A new 1News health feature on constant tiredness is a useful winter lifestyle story because it pushes fatigue beyond the usual explanations of cold mornings, short days and busy households. The article set out several reasons people may feel persistently exhausted, including iron deficiency, low vitamin B12, elevated blood sugar, coeliac disease, menopause and perimenopause, medication side effects and poor sleep. The public value is not self-diagnosis. It is knowing when tiredness deserves a proper conversation.

New Zealanders often treat fatigue as a normal part of modern life. Work, parenting, study, cost pressure, sport, commuting and screen use can all leave people drained. Winter adds darker mornings and more illness. But constant tiredness can also be the body's early warning system. If exhaustion is new, persistent, worsening or out of proportion to routine demands, it is worth checking rather than simply pushing through.

Iron is a common example because symptoms can build slowly. Low iron can leave people short of breath, weak, dizzy or unable to recover energy even after rest. Heavy periods, pregnancy, some diets, gastrointestinal conditions and other health issues can increase risk. A blood test can make the difference between guessing and knowing. The same applies to B12, which matters for red blood cell production and nervous system function and can be lower in people who eat little or no animal products.

Blood sugar is another reason tiredness should not be dismissed. Elevated glucose can produce fatigue alongside thirst, frequent urination, blurred vision and other symptoms.
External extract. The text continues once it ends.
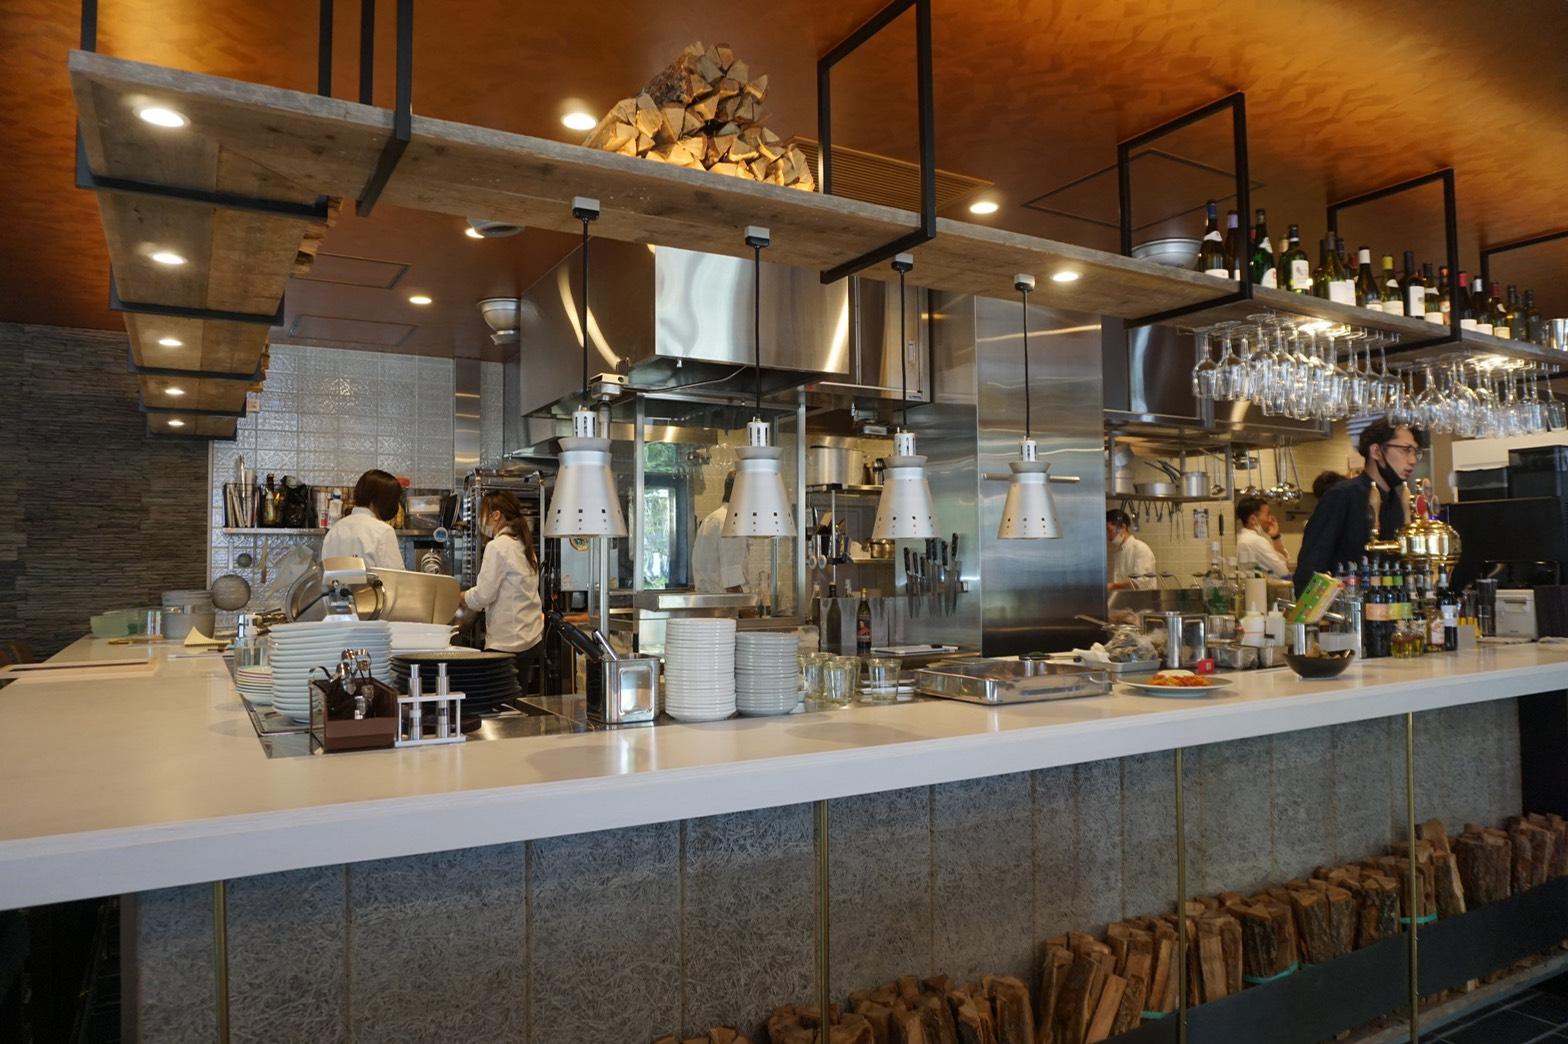 外の景色を眺めながらの食事に心癒されて。久屋大通パークのアーバンリゾートゾーンがついにオープン! - S  76455940

Prediabetes and type 2 diabetes can be detected through testing, and early detection gives people more options. That does not mean every tired person has diabetes. It means fatigue can be one piece of a larger pattern that deserves attention.

The coeliac disease point is also important. Coeliac New Zealand estimates tens of thousands of New Zealanders have the condition and many may be unaware. If the bowel is not absorbing nutrients properly, people can become deficient in iron, folate, calcium and other nutrients. The key practical warning is not to cut out gluten before testing, because that can affect results. People should ask a clinician before making major diet changes aimed at diagnosis.

For midlife women, perimenopause and menopause can add sleep disruption, anxiety, night sweats, heavier periods and changes in energy. Those symptoms are often normalised until they become debilitating. Better recognition matters because people may need treatment, workplace flexibility, sleep support or investigation for related issues such as low iron.

Medication side effects are another overlooked factor. Some antihistamines, antidepressants, blood pressure medicines and pain medicines can contribute to fatigue. That is not a reason to stop medication abruptly. It is a reason to ask a doctor or pharmacist whether a medicine could be part of the pattern and whether alternatives are appropriate.

The lifestyle message is simple: rest matters, but unexplained tiredness is not always solved by another early night. People should look at sleep, food, stress, movement and workload, then seek medical advice if fatigue persists or comes with other symptoms. Winter is a good prompt to notice the difference between being busy and being unwell.